10 mil famílias atendidas - Segundo informações do CMDCA-SL, em 2006, foram arrecadados R$ 1 milhão de reais, destinados a 16 projetos sociais, que beneficiaram diretamente mais de 3.000 crianças e adolescente e 10.000 famílias. As doações de pessoas jurídicas foram feitas pela Petrobrás, Companhia Vale do Rio Doce e Billington. Outra parte foi proveniente da arrecadação de cerca de 10% do imposto de renda dos servidores municipais de São Luís, que é destinado diretamente ao Fundo Municipal da Infância e Adolescência (FIA), além de R$ 10 mil doados por 24 pessoas físicas.
“O Fundo da Infância e Adolescência está previsto no Estatuto da Criança e do Adolescente (ECA). É um fundo especial que existe na esfera federal, estadual e municipal, normatizado através de leis federais. É um instrumento de captação de captação de recursos, que destinam-se prioritariamente aos programas de proteção especial a crianças e adolescentes, em situação de risco pessoal e social, cuja necessidade de atenção extrapola o âmbito de atuação das políticas sociais básicas”, explica Renato pedrosa, presidente do Conselho Municipal da Criança e do Adolescente de São Luís.

Fundo Estadual – Lissandra Leite, presidente do Conselho Estadual dos Direitos da Criança e do Adolescente (CEDCA-MA), informa que em 2006, foram arrecadados R$ 555 mil, para o Fundo Estadual da Infância e Adolescência, sendo R$ 500 mil vindos do Tesouro Estadual, R$ 50 mil de doação do Banco da Amazônia e R$ 5 mil de pessoa física. “Esse recurso deveria ter sido destinado a sete projetos aprovados pelo CEDCA-MA, mas por questões burocráticas, acabou retornando ao Fundo e será utilizado no ano que vem”, diz a presidente.
Pelo ECA, cada pessoa pode destinar até 6% do valor devido ao imposto para projetos relacionados às crianças e adolescentes. Já as pessoas jurídicas podem deduzir até 1%. Pessoas e empresas têm até o dia 31 de dezembro para fazer doações ao Fundo para Infância e Adolescência (FIA). Essa doação não implica em recursos extras. Pois, o cidadão ira destinar parte dos recursos que seriam pagos à Receita Federal ao Fundo.

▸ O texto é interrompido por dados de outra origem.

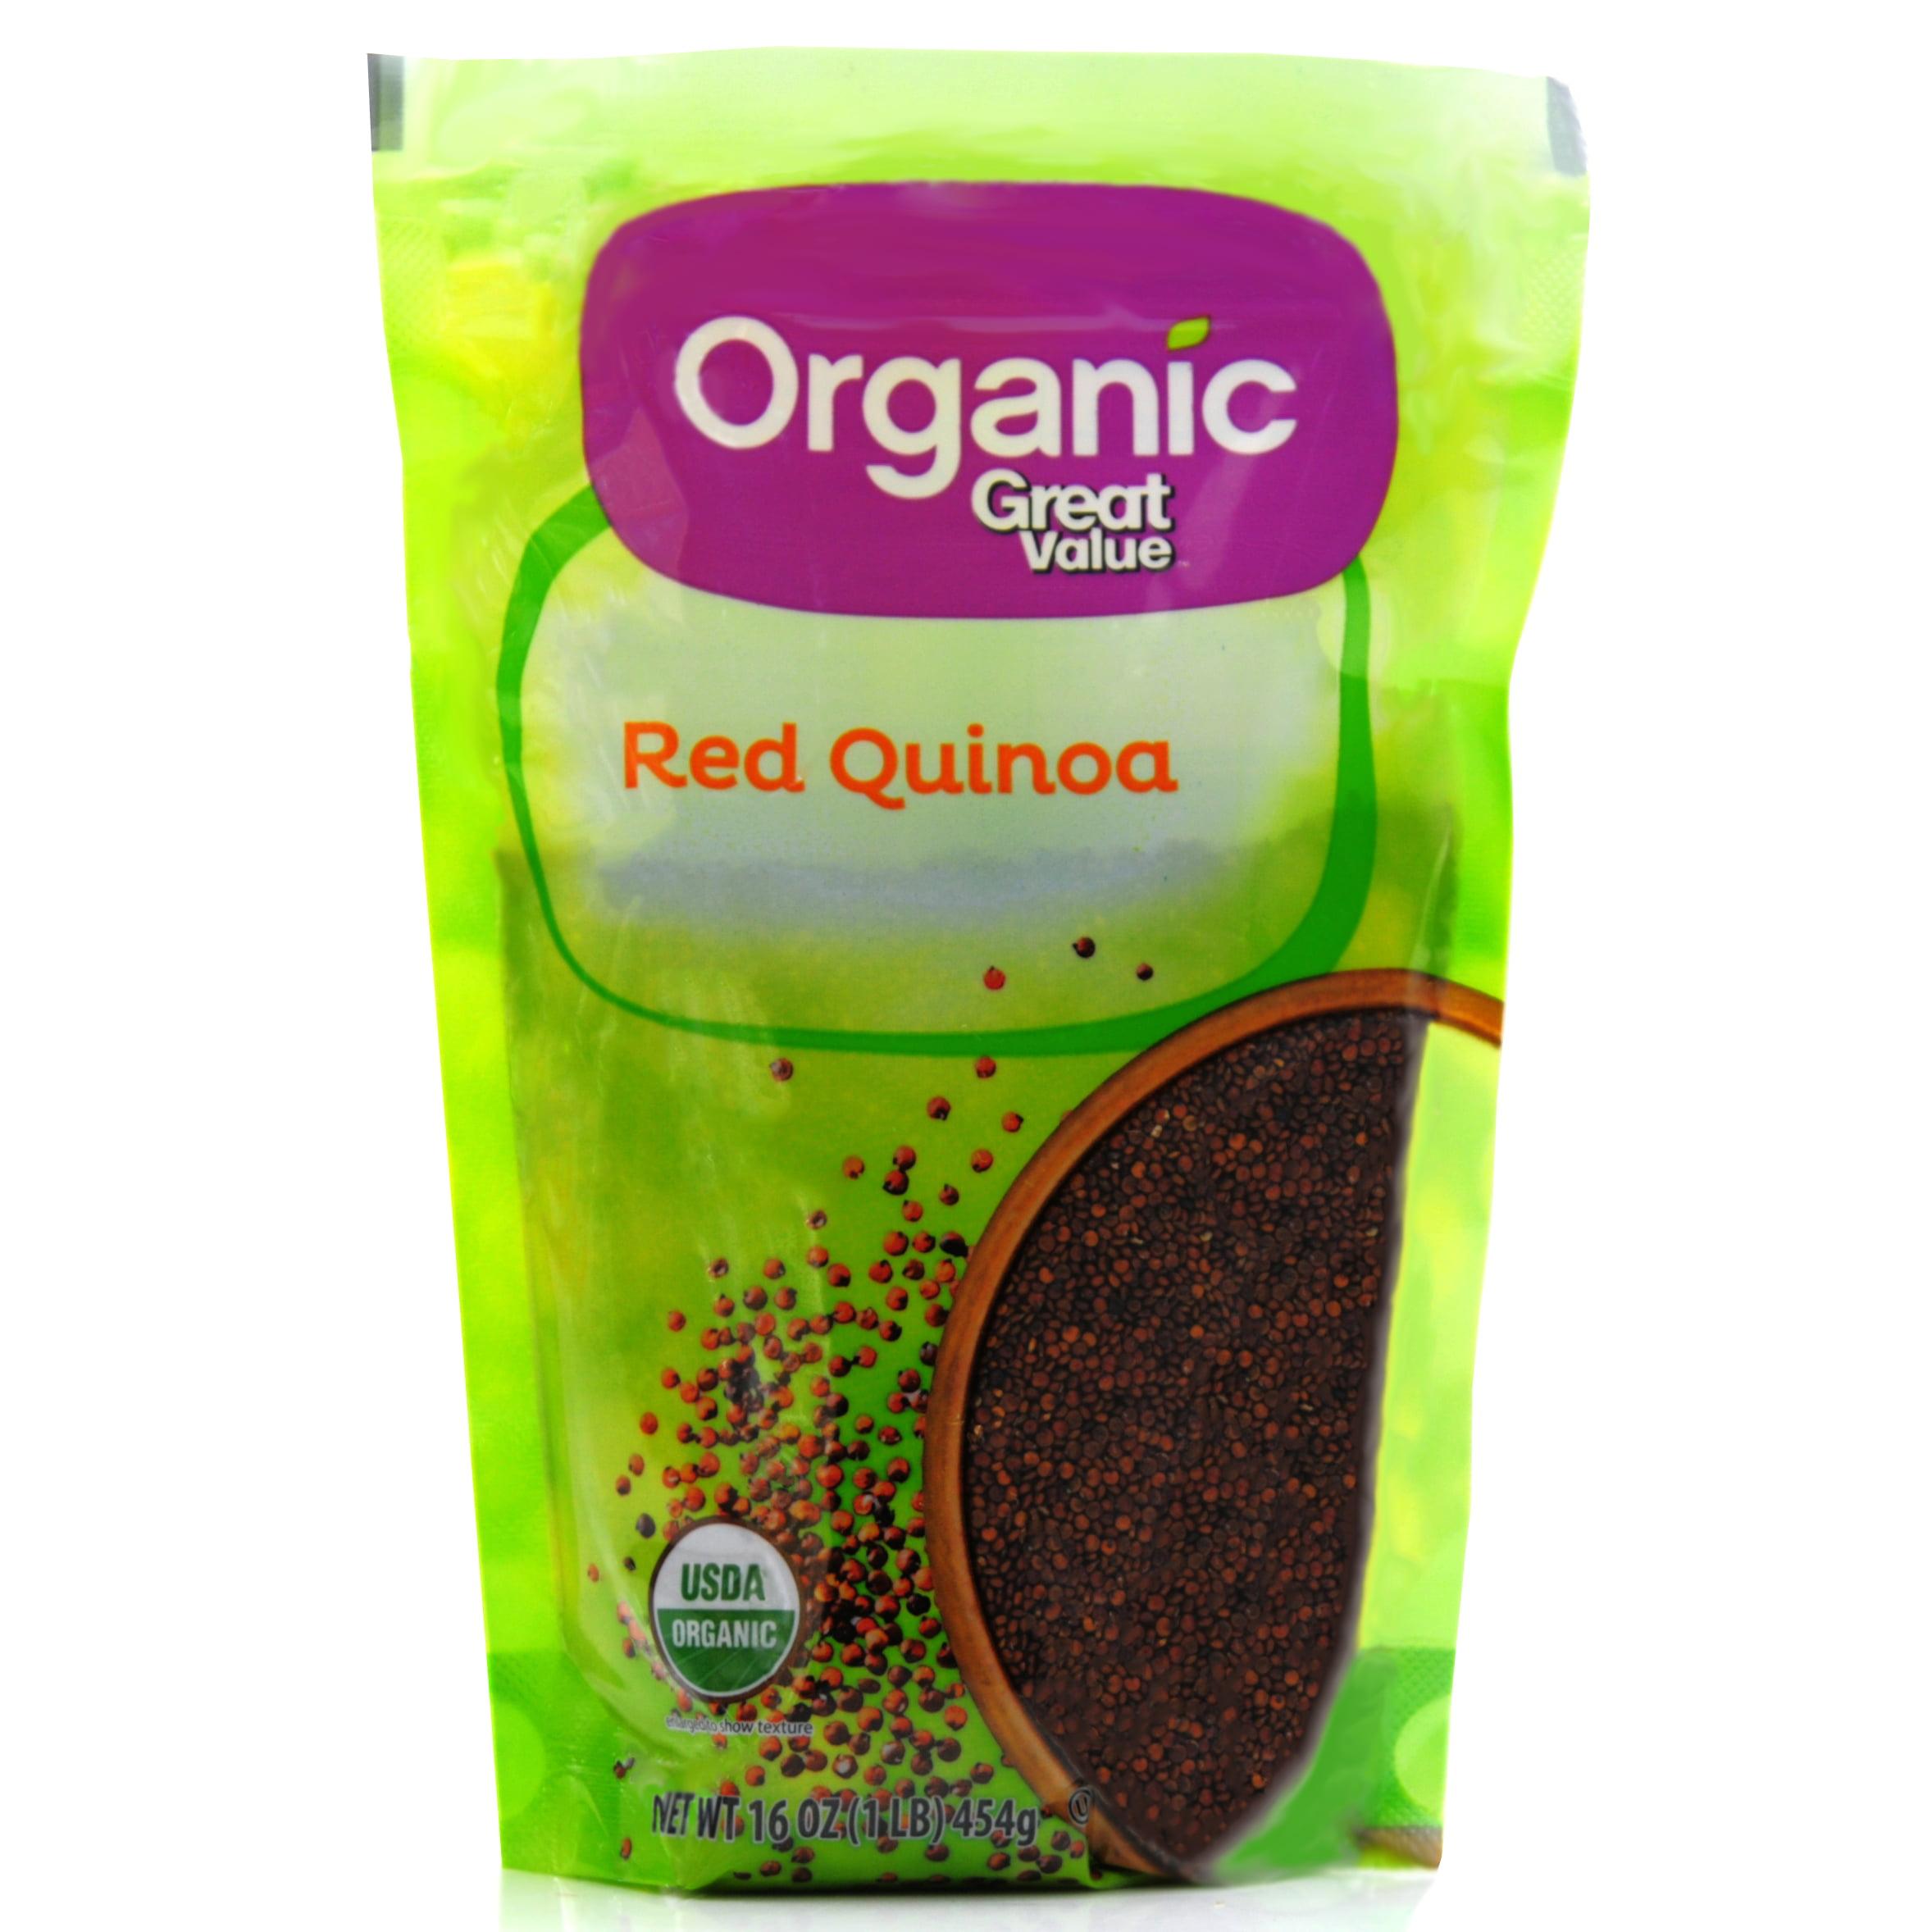 (2 Pack) Great Value Organic Red Quinoa, 16 oz

Doações Casadas – Nos últimos anos surgiu uma grande controvérsia quanto à destinação dos recursos ao FIA. Alguns contribuintes querem destinar sua doação diretamente para um projeto específico, previamente aprovado pelo respectivo Conselho da Criança (Federal, Estadual ou Municipal). Isso se chama “doação casada”. Alguns conselhos estaduais e municipais não aceitam esse tipo de doação ou impõem algumas restrições. Alegam que isso fere sua autonomia, pois não cabe aos doadores destinar para onde e como deve aplicado o recurso do fundo.
“Cada Conselho tem suas normativas que regulamentam as doações ao FIA. Existem alguns casos, que o doador pode indicar um projeto de seu interesse ou identificação, desde que esteja de acordo com o plano de aplicação aprovado em plenária do conselho. Nesses casos, é comum que parte dos recursos aplicados no projeto fiquem livres para utilização em outros projetos prioritários definidos pelo conselho”, diz Lissandra Leite.
A destinação dos recursos do Fundo deverá obedecer todas as normas adotadas quanto à aplicação dos recursos públicos. Ou seja, há necessidade de formalização de um processo, de empenho da despesa, emissão de ordem de pagamento, atesto e liquidação de despesa. Isso significa que o Conselho, responsável pela administração dos recursos, deverá manter uma sistemática permanente de acompanhamento das ações relativas à aplicação e fiscalização do dinheiro.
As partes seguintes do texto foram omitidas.